Preheat oven to 325 Fahrenheit (which is 163 Celsius in case you, like me, need to know). In a large bowl, mix oats, sesame seeds, sunflower seeds and hazelnuts. Add cinnamon and salt and mix well. Add maple syrup, olive oil and vanilla. Mix again. Spread evenly onto a baking pan with sides and bake on the center oven rack for 15 minutes. Gently stir granola and bake for 15 more minutes. Add coconut flakes and bake 15 more minutes. Remove from oven and add cranberries. Cool completely before storing. Store in air-tight container or plastic bag for about two weeks, or in the freezer for a few months.
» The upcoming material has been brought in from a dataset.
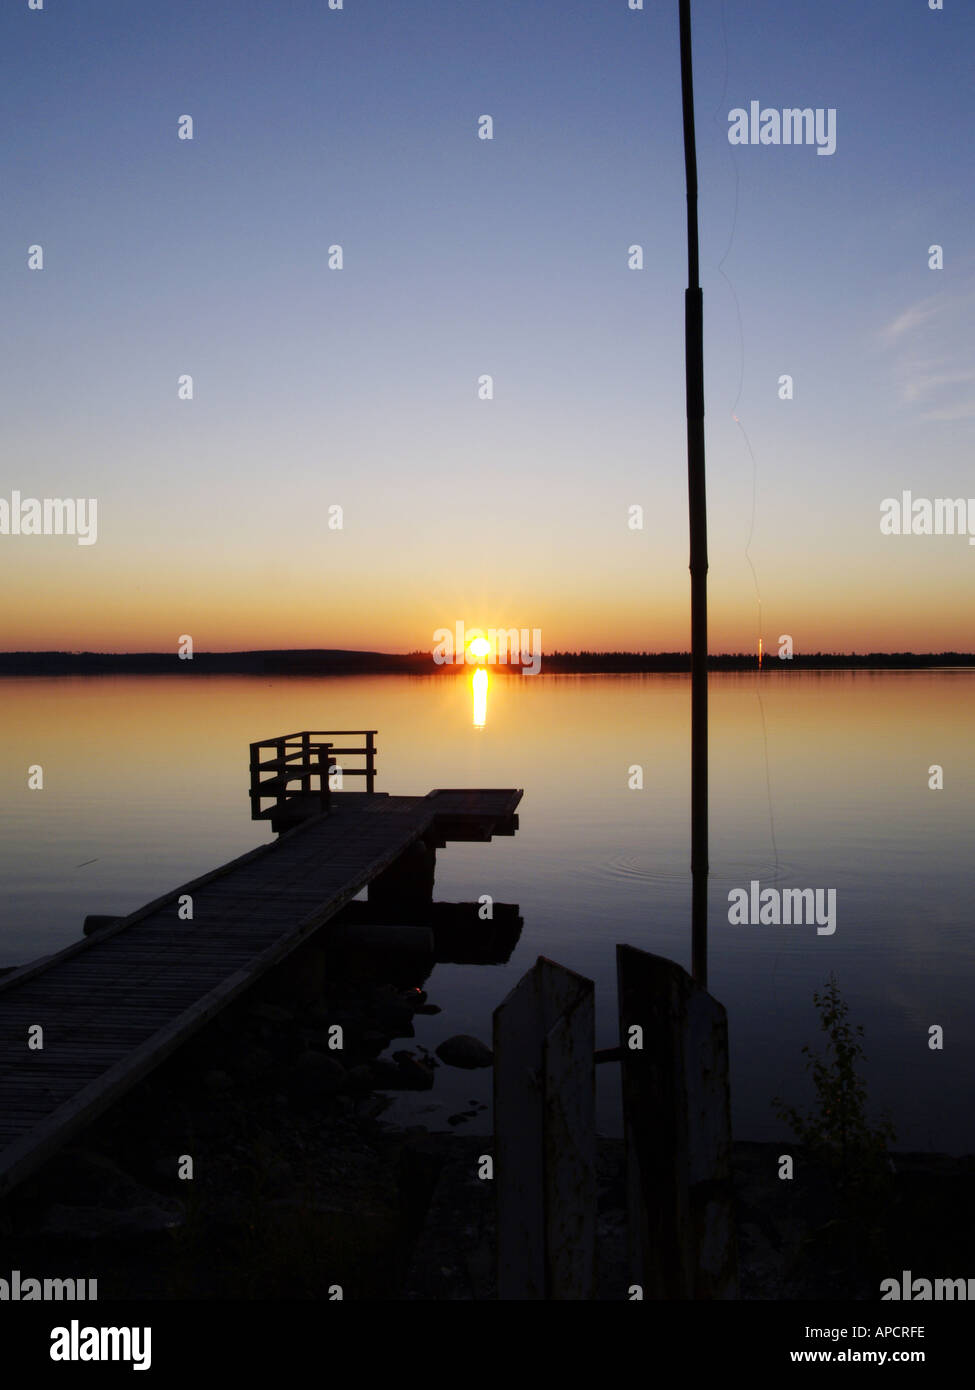 evening ambiance at lake Kiantajärvi Stock Photo

*Some granola bakers prefer old-fashioned oats, while others prefer quick cooking for a looser, possibly clumpier texture. To be perfectly honest, I have no idea what kind of oats I use here in France. With my knowledge of the French language I am lucky I end up with oats. I often feel like the man in the children’s book The Little Old Man Who Could Not Read. In it, a man who can’t read is left to shop for himself when his wife is away. He goes to the supermarket and ends up buying soap flakes instead of oatmeal, saran wrap instead of spaghetti, etc. When I was a child it never failed to make me cry.